Макарио допил свое вино.
— Ладно, — сказал он, — я думаю, сегодня мы всего навидались. Кто идет домой?
— Все, — ответил пастух. — Во всяком случае, мы с ним. — И потянул за рукав алькаррийца.
— Погоди немного, — возразил тот. — Ну кто нас гонит?
— Да нет, не гонят, сказано — домой, и все тут. Завтра рано вставать. Овечки только по холодку и едят. Чуть запоздаешь их выгнать, не притронутся к траве, жарко им, хоть и голодные. Завтра в пять, сам понимаешь, немного похлебки, чашку кофе — и пошел пятки бить о камни. Ты мою жизнь знаешь. Так что идем, Лиодоро, не задерживай меня, я имею право поспать.
— Ладно, приятель, ладно! Вот допью только. Гляди, какой ты себялюбец: из-за того, что тебе рано вставать, всех спать загоняешь. Пусти, порвешь мне рубашку, чем я тогда свое грешное тело прикрою!
Тот отпустил его, и он обернулся к Маурисио:
— Сколько с меня?
— Четырнадцать стаканчиков, — посчитал в уме Маурисио, — четыре двадцать, все.
Алькарриец вынул из карманчика на поясе одно дуро.

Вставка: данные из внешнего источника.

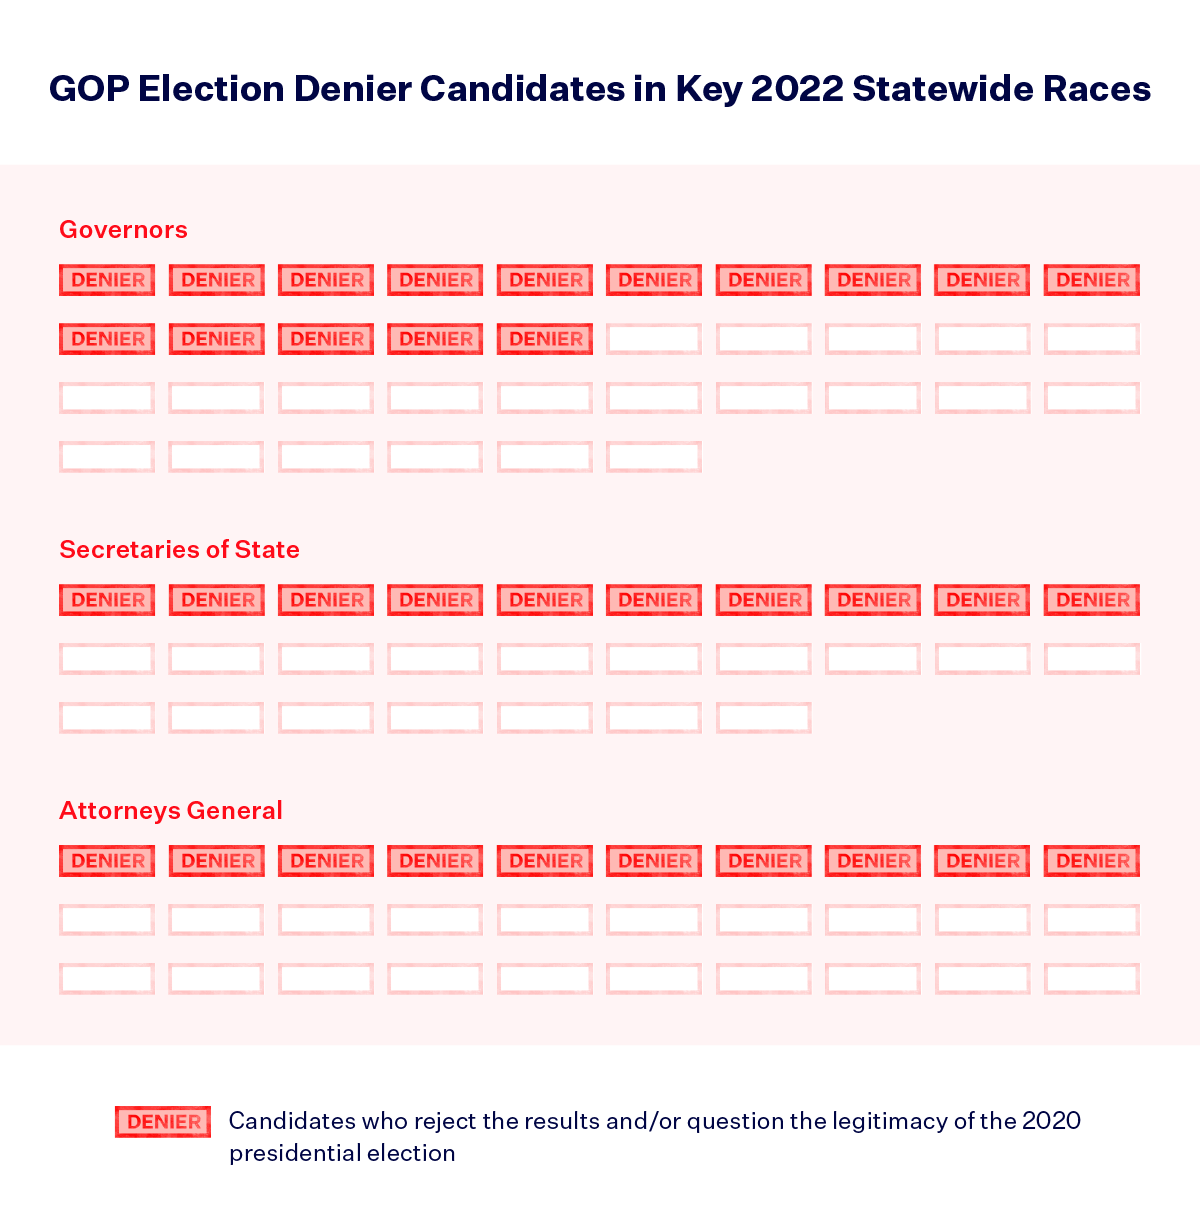 Graphic with the title “GOP Election Denier Candidates in Key 2022 Statewide Races.” In the Governor category, there are 36 total boxes, 15 of which have a red “DENIER” stamp. In the Secretaries of State category, 10 out of 27 boxes have the “DENIER” stamp. In the Attorneys General category, 10 out of 30 boxes have the “DENIER” stamp. A key at the bottom shows that the red “DENIER” stamp indicates “Candidates who reject the results and/or question the legitimacy of the 2020 presidential election.”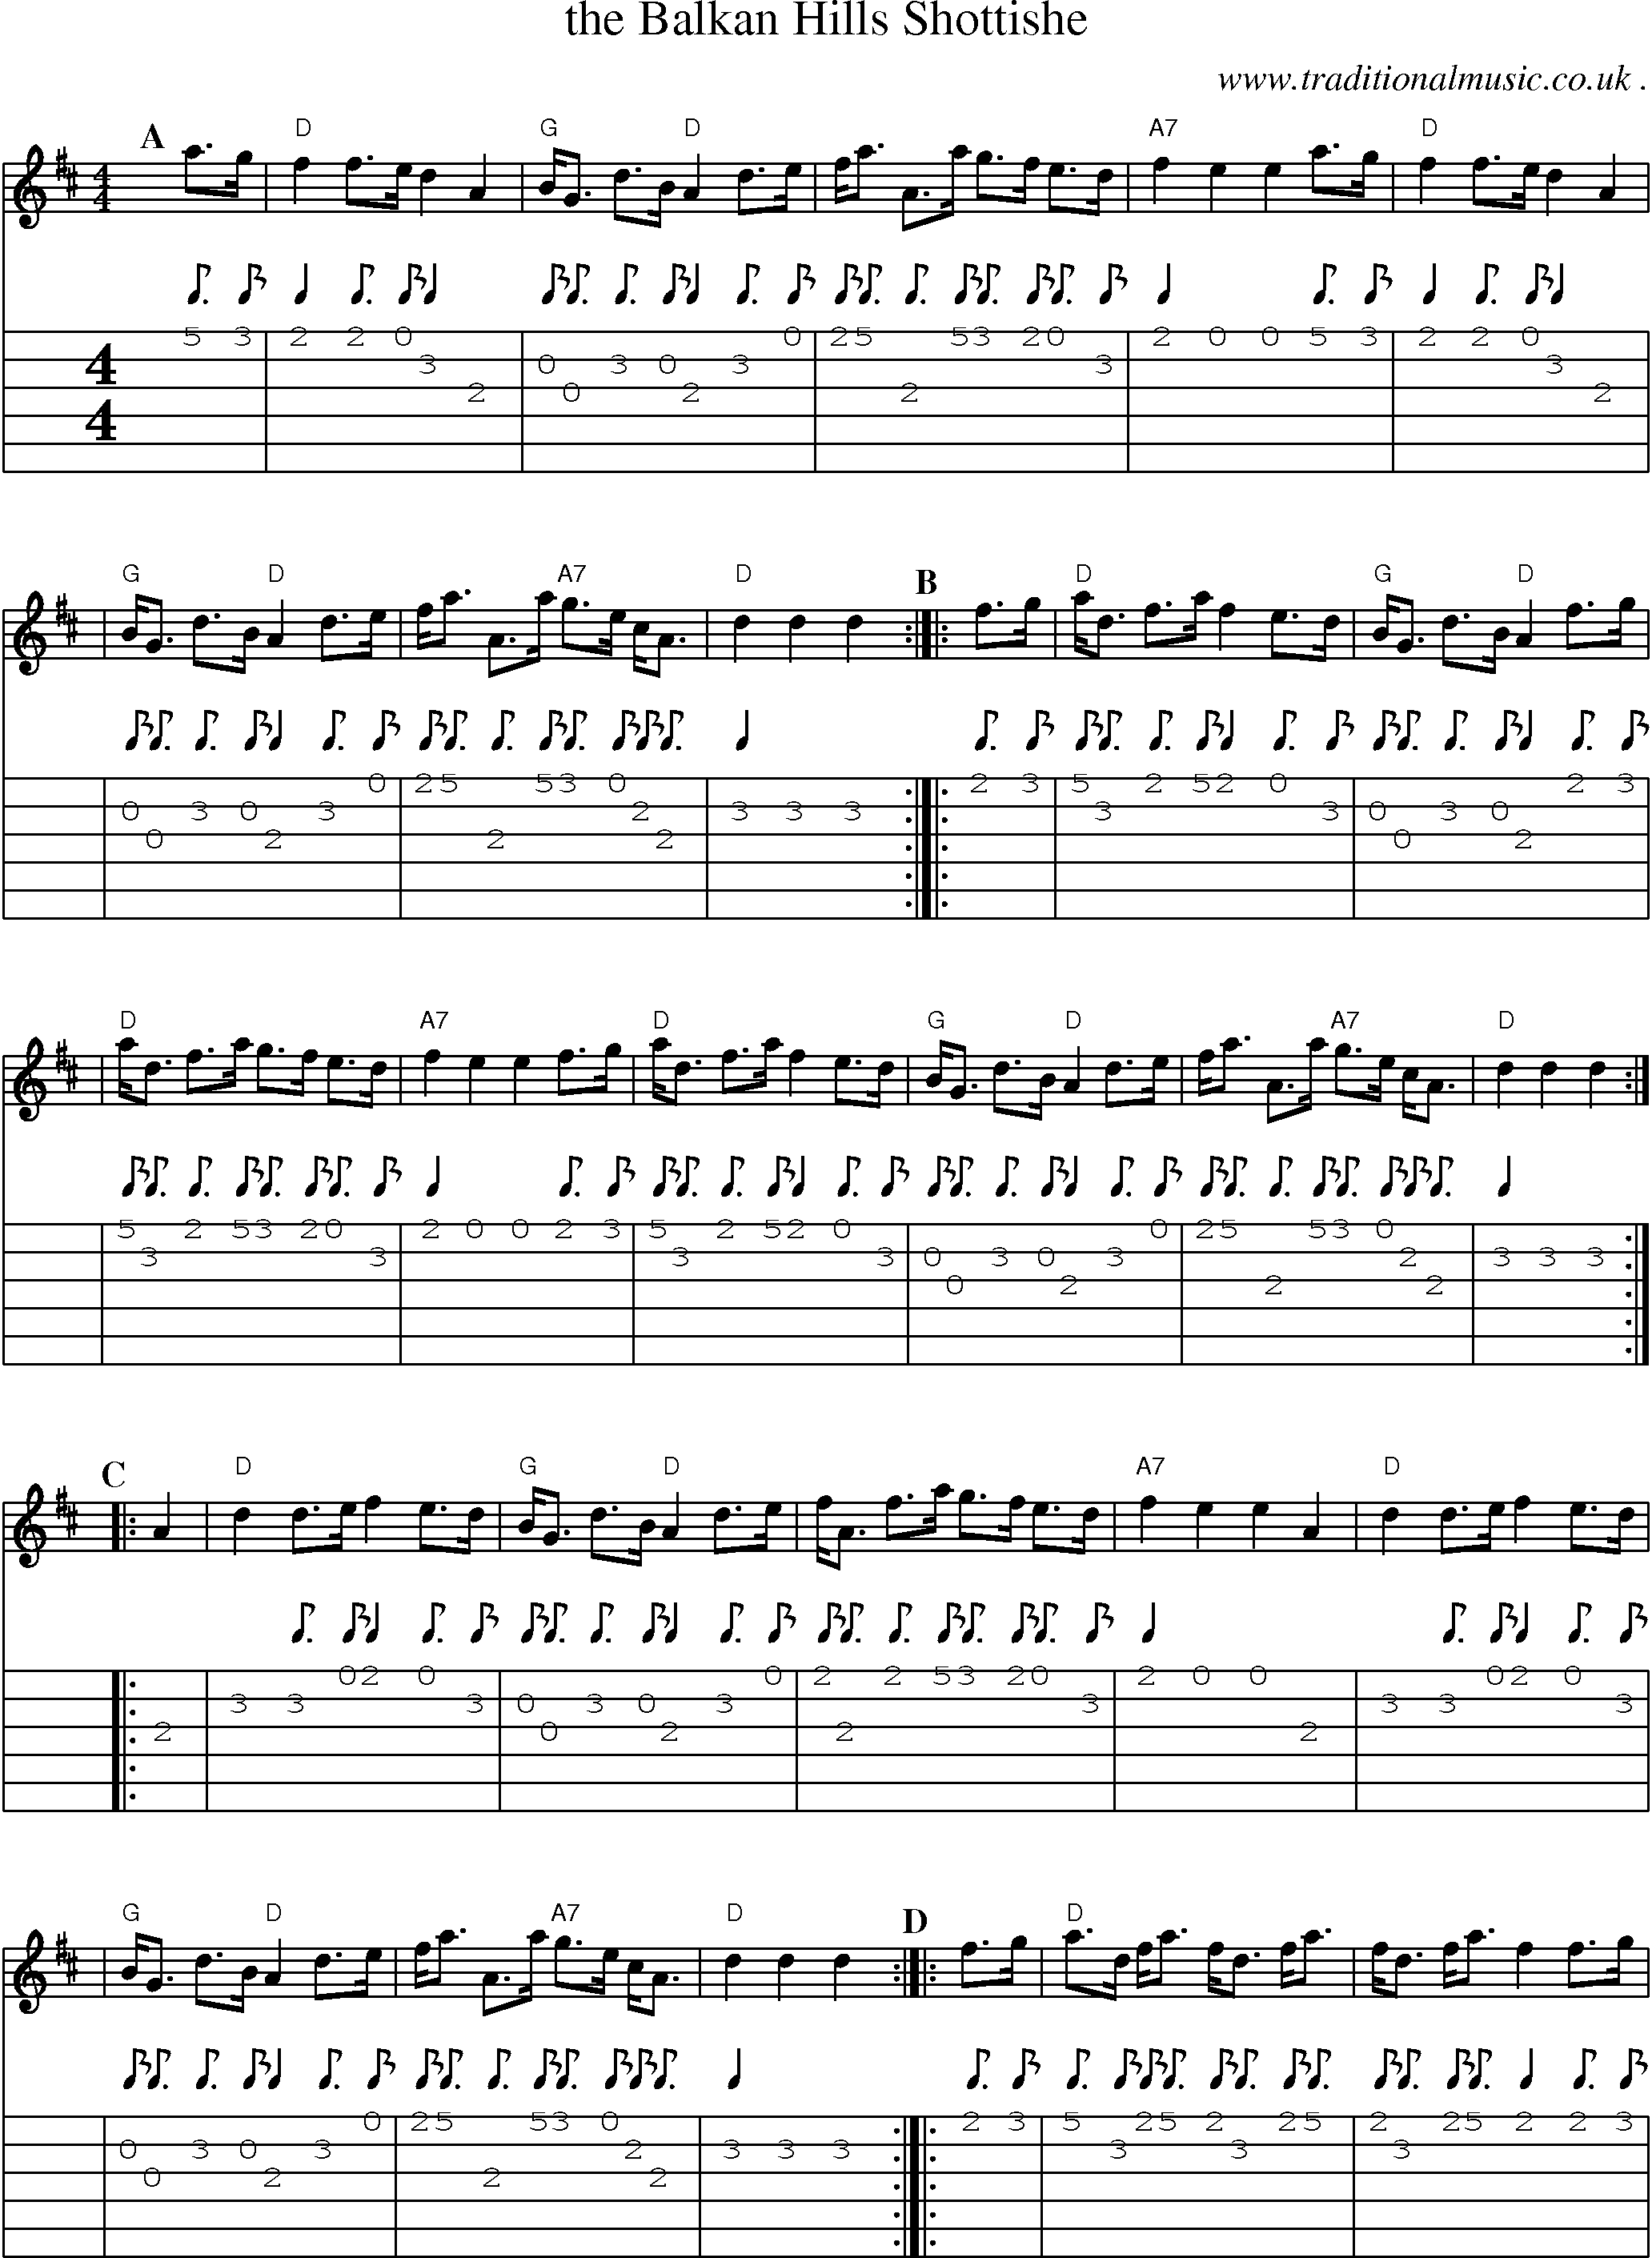 Sheet-music  score, Chords and Guitar Tabs for The Balkan Hills Shottishe

— Ваш покорный слуга тоже уходит, — сказал Кармело.
Все четверо расплатились.
— Спокойной ночи.
— До завтра, друзья.
— Прощай, до завтра.
Остались Лусио и мужчина в белых туфлях.
— И обязательно поужинайте сегодня, обязательно, — сказал Макарио мужчине в белых туфлях.
— Там видно будет, — сухо улыбнулся тот. — Прощайте.